Maybe that’s it with me too. When I was writing a humor and satire column for the Daily Iowan in ’69, I used to go down to the Student Union and watch people read the paper. When someone laughed or grinned I would sidle up behind to see what did it. Often it was my column. Then I could head over to class and it didn’t matter so much that my story would get workshopped though one of Bill Munn’s kidneys—or both.
Then on the way out (not a bad guy when he wasn’t assassinating our stories) he would say, “Hey, nice throw-away in the DI this morning. Not letters of course, but pretty amusing. You have a knack for that stuff.”

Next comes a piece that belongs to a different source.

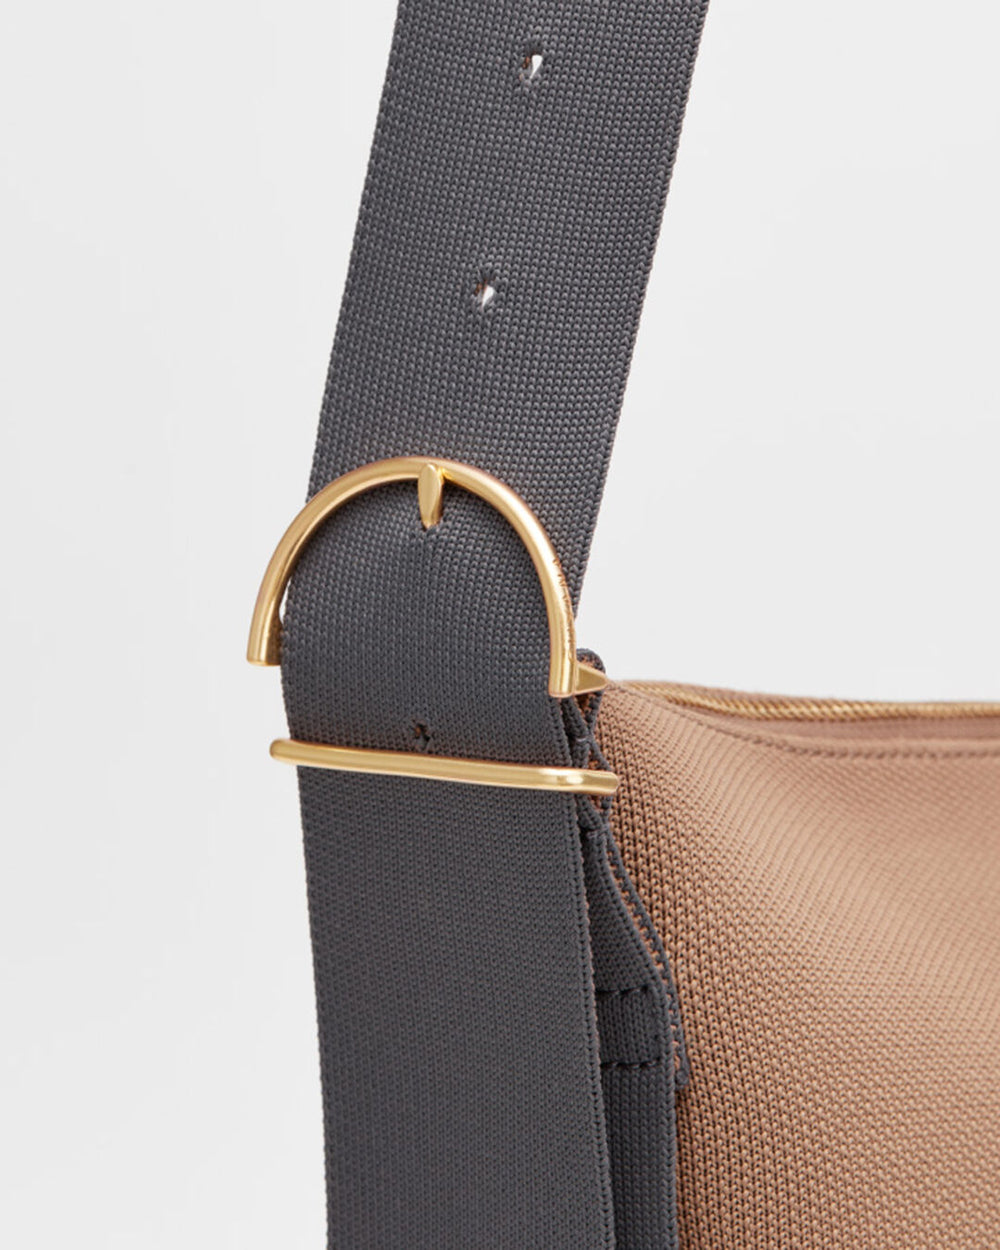 Close-up of a bag strap with a metal buckle.

Wish I could find Bill, tie him to a chair, then read out loud the over 12K words I’ve already got of The Nun, The Critic (BM) and The 80-Yard Run (or maybe Grizzled ‘60s Workshop Grad Tells All!) until that poor SOB passes out! He never would put up his own worksheet for class either; probably knew his hair would spontaneously combust and cook his brain in its own juice.
But I digress. On the third page of We Wanted to Be Writers, there is this:
“Many suffer from the incurable disease of writing and it becomes chronic in their sick minds.” Juvenal, c. 55 – 127. J was a satirist and wrote of his work “. . . indignation creates my poetry.”
I think that about sums it up for me too—the why I keep scribbling. It’s the “. . . disease of writing . . . sick (sick, sick) minds” too. So here I am, still crazy after all these years.